We can verify the accuracy of ${\displaystyle I(z)}$ by multiplying ${\displaystyle G(z)}$ by ${\displaystyle I(z)}$. We have

{\displaystyle {\begin{aligned}I(z):1-0.3333z+0.3611z^{2}-0,1204z^{3}+0.1025z^{4},\\G(z):1+0.3333z-0.2500z^{2}-0.0833z^{3}\\1-0.3333z+0.3611z^{2}-0.1204z^{3}+0.1025z^{4}\\+0.3333z-0.1111z^{2}+0.1204z^{3}-0.0401z^{4}+0.0342z^{5}\\-0.2500z^{2}+0.0833z^{3}-0.0903z^{4}+0.0301z^{5}-0.0256z^{6}\\{-0.0833z^{3}+0.0278z^{4}-0.0301z^{5}+0.0100z^{6}-0.0085z^{7}}\\{1+0+0+0-0.0001z^{4}+0.0342z^{5}-0.0156z^{6}-0.0085z^{7}}.\end{aligned}}}

We see that the inverse filter is exact as far as the term ${\displaystyle z^{3}}$ and terms for higher powers are small. The overall effect is to create a small tail whose energy is 0.00149 or 0.1%.

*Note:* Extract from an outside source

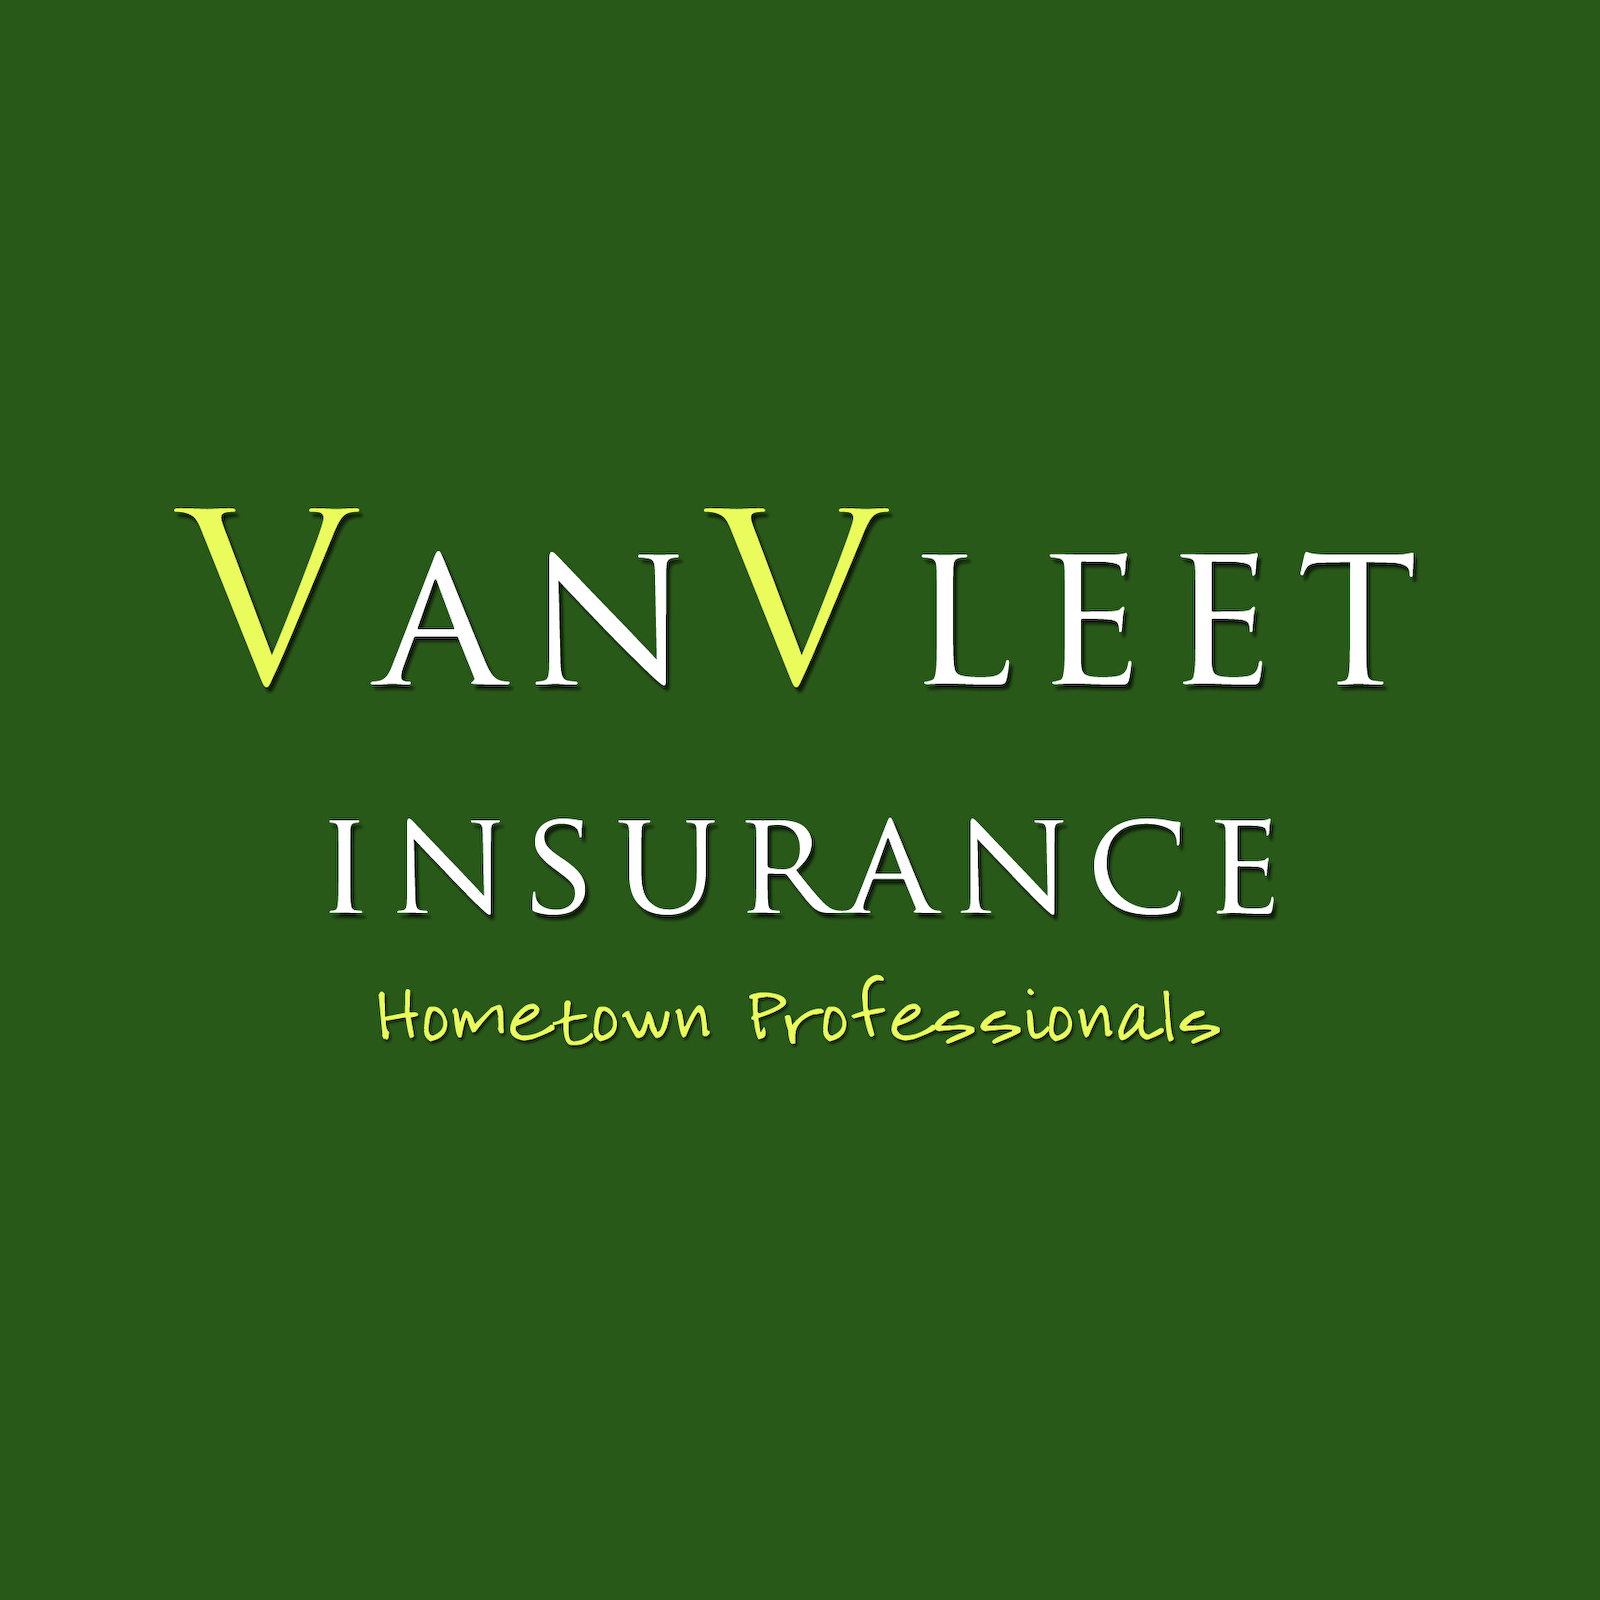 Van Vleet Insurance
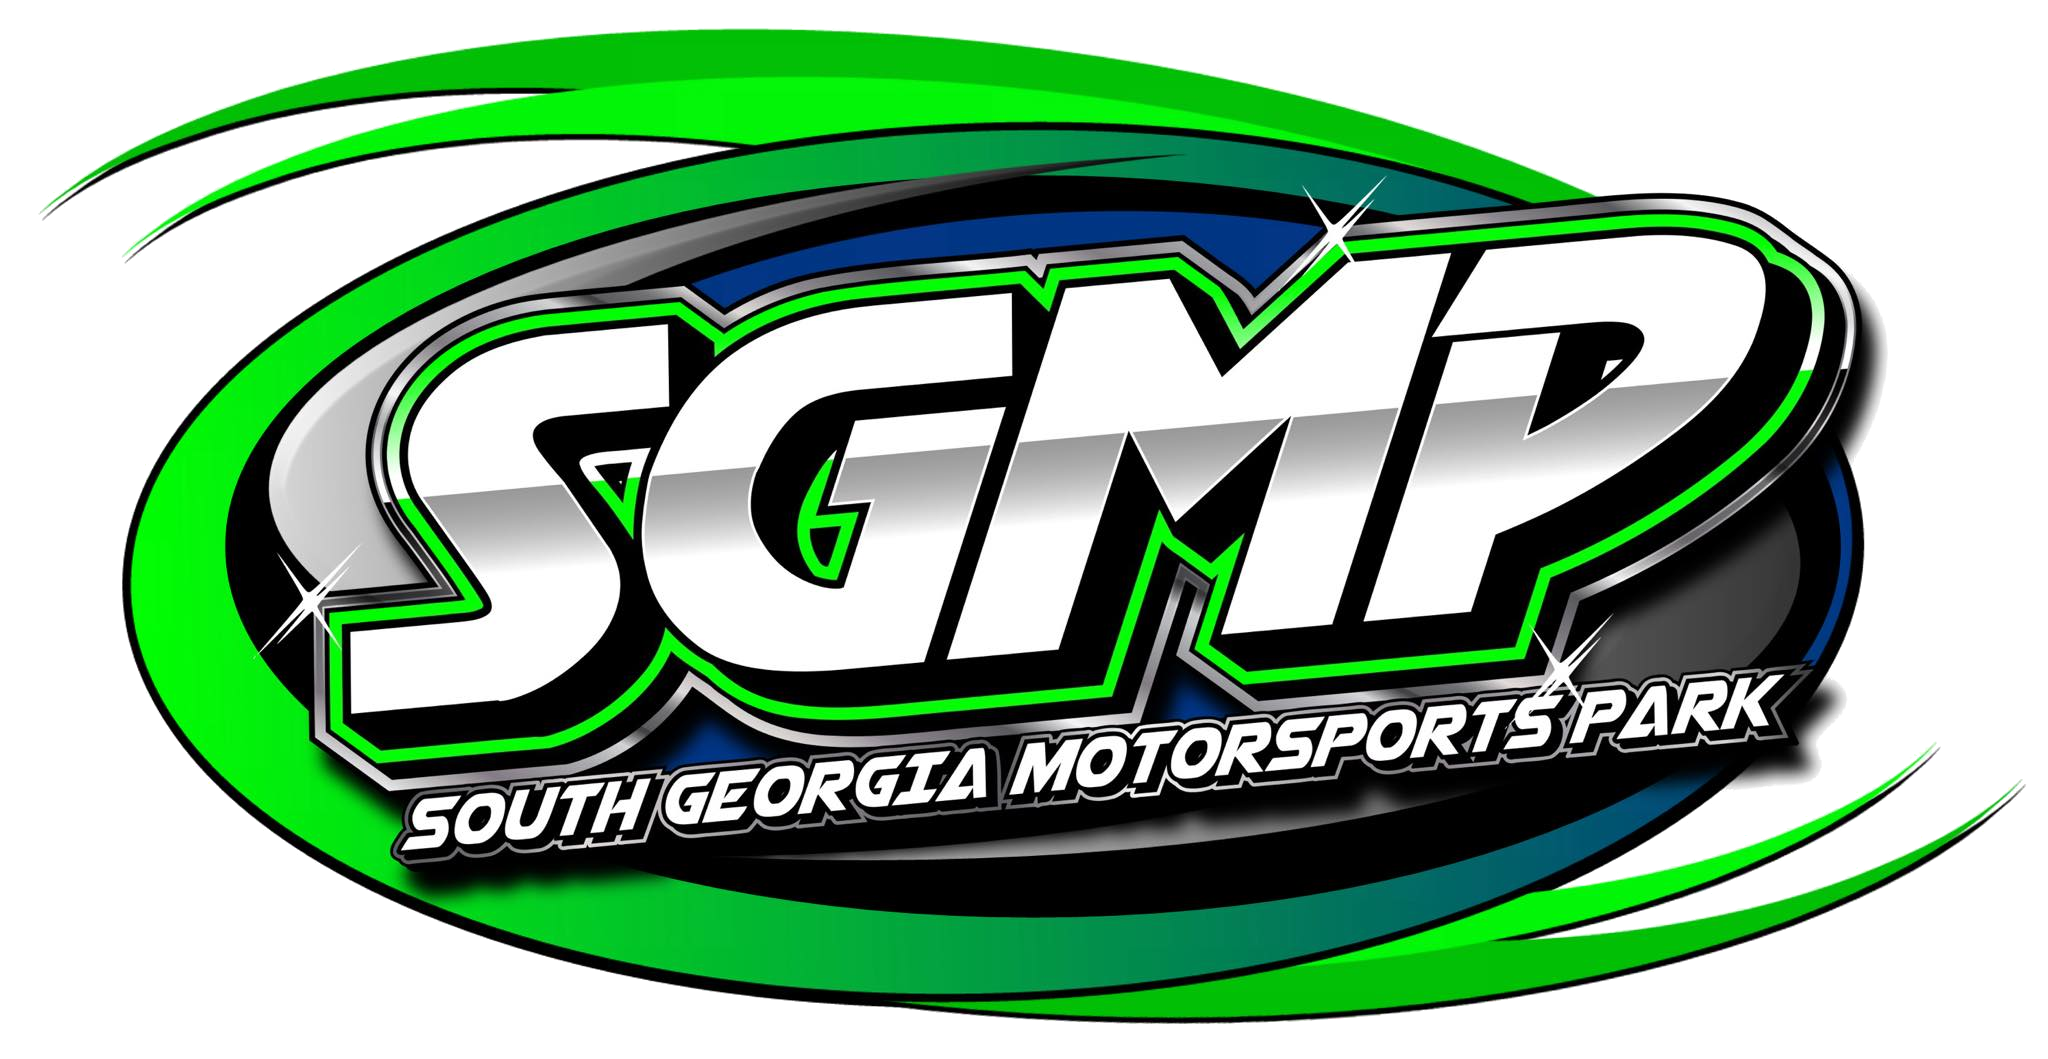 South Georgia Motorsports Park logo

To determine how the accuracy depends on the number of terms used in ${\displaystyle I(z)}$, we observe the effect on the product ${\displaystyle I(z)G(z)}$ as we successively drop high powers in ${\displaystyle I(z)}$. Dropping the ${\displaystyle z^{4}}$ term in ${\displaystyle I(z)}$ yields the product ${\displaystyle 1-0.1026z^{4}+0.0100z^{6}}$ and the energy of the tail is now 0.01063 or 1.1%. If we want accuracy of at least 1%, we must therefore retain the ${\displaystyle z^{4}}$ term.

If we also delete the ${\displaystyle z^{3}}$ term in ${\displaystyle I(z)}$ [but not in ${\displaystyle G(z)}$] the product becomes ${\displaystyle 1+0.1204z^{3}-0.0625z^{4}-0.0100z^{5}}$ and the energy of the tail is 0.01850 or 1.8%. If we go one step further and drop the ${\displaystyle z^{2}}$ term in ${\displaystyle I(z)}$, we get ${\displaystyle 1-0.3611z^{2}+0.0278z^{4}}$ and the energy of the tail is 0.13107 or 13.1%.